The provincial agriculture ministry has confirmed that Sofina Foods and Prairie Pride Natural Foods are appealing the new agreement. The province’s Agri-Food Appeals Committee will hear the complaint.

The memorandum of understanding, which every provincial marketing board signed, came after six years of negotiations. It will see 55 percent of future growth based on “provincial comparative advantage factors,” which include population growth and quota use. 

Producers in Alberta and Ontario stand to gain the most from the 10-year deal. 

“Lots of consultation took place. It wasn’t something we just pulled out of our back pocket and threw on the wall,” said Monchuk.

“It was something that was negotiated, and compromise was needed to get a solution.”

Monchuk told the Chicken Farmers of Saskatchewan meeting that Sask-atchewan has been allocated 777,000 kilograms of new production over the last four eight-week production cycles. It would have been given 71,000 kilograms less under the new formula.

Chicken Farmers of Saskatchewan is still forecasting growth of 3.5 percent for this year. 

“Seventy-one thousand kg in four cycles works out to about 121 birds per farm per cycle,” he said.

“That’s three-tenths of nothing.”

The province has had a higher growth rate than other provinces since 2000, he added. 

Alberta Chicken Producers had pulled out of the federal-provincial agreement in 2014, citing issues with quota allocation.

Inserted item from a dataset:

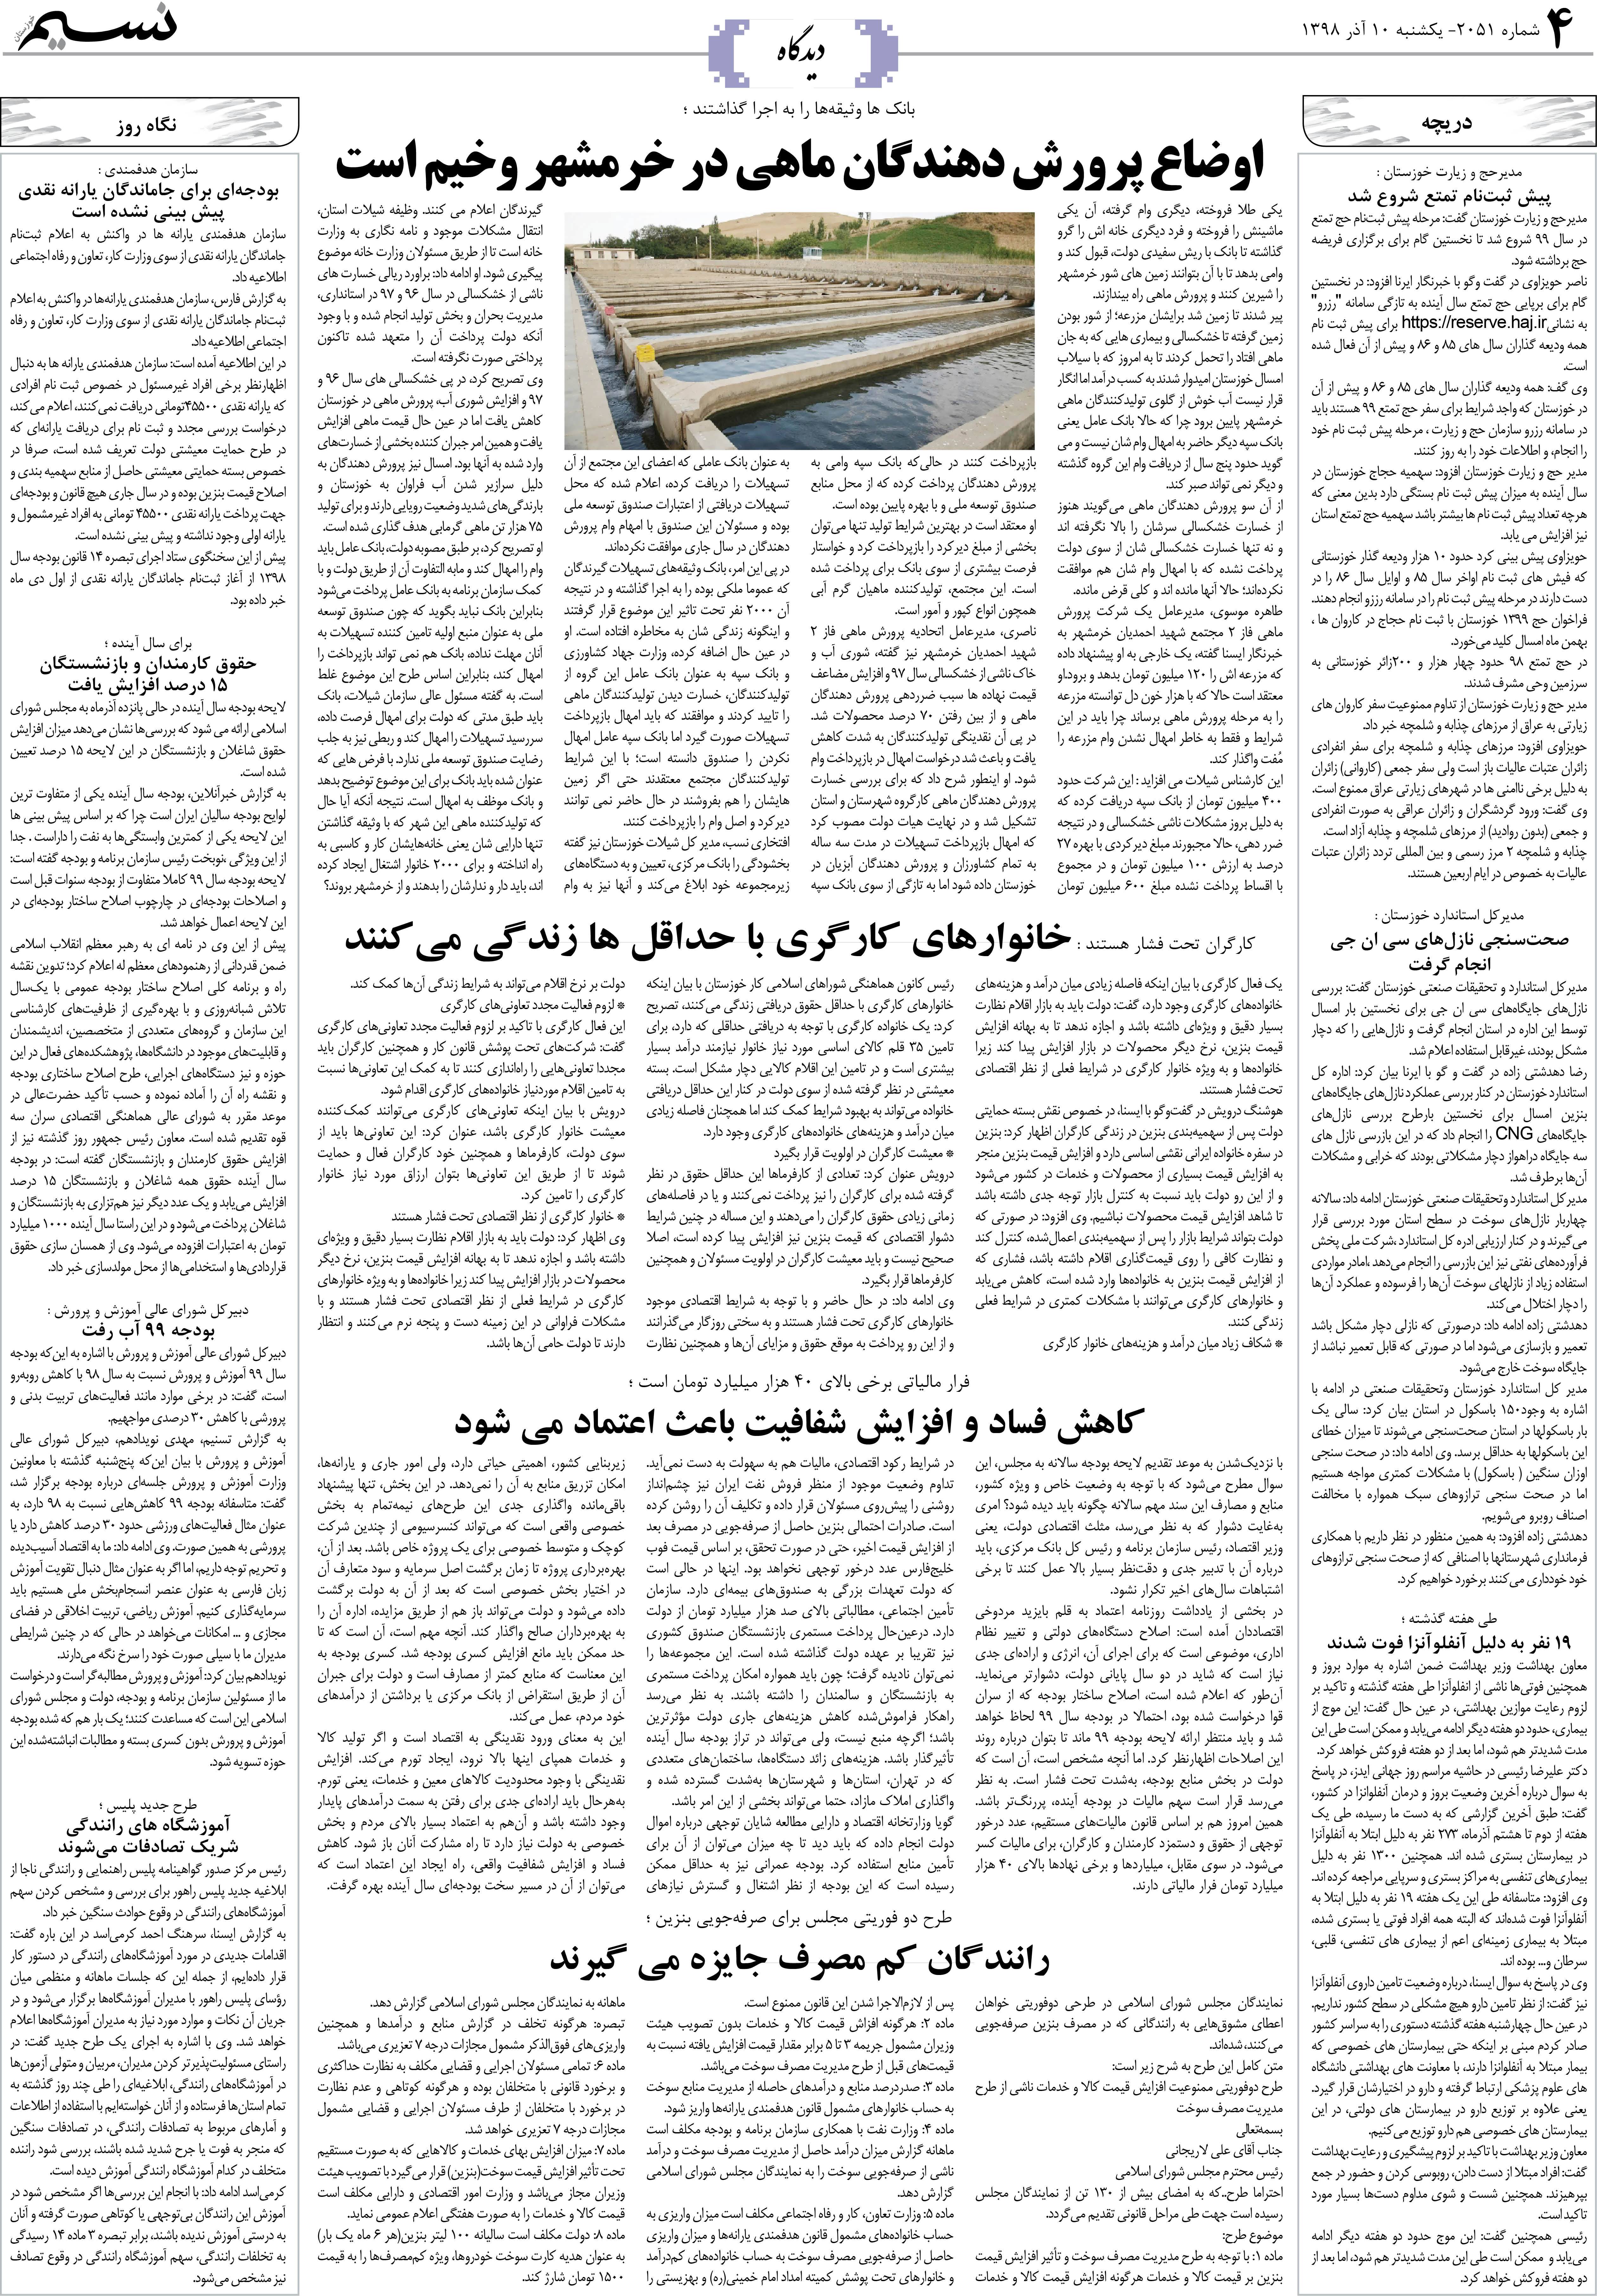 صفحه دیدگاه روزنامه نسیم شماره 2051

This deal, once it is signed by the provincial supervisory boards that oversee the supply managed sector in each province, will bring Alberta back into the fold.  

“As long as you have all of the 10 provinces agreeing to a way to allocate chicken in the future, then everybody is going to be together,” said Monchuk. “Once you have slivers going off — Alberta leaving the agency, possibly some other province leaving in the future — that puts into jeopardy the whole system.”

Monchuk’s analysis shows that producers in B.C. and Quebec would have seen the largest drops in new allocation, but every province would still gain quota. 

Quota allocations have been more aggressive recently as high beef and pork prices prompt consumers to buy more poultry products. 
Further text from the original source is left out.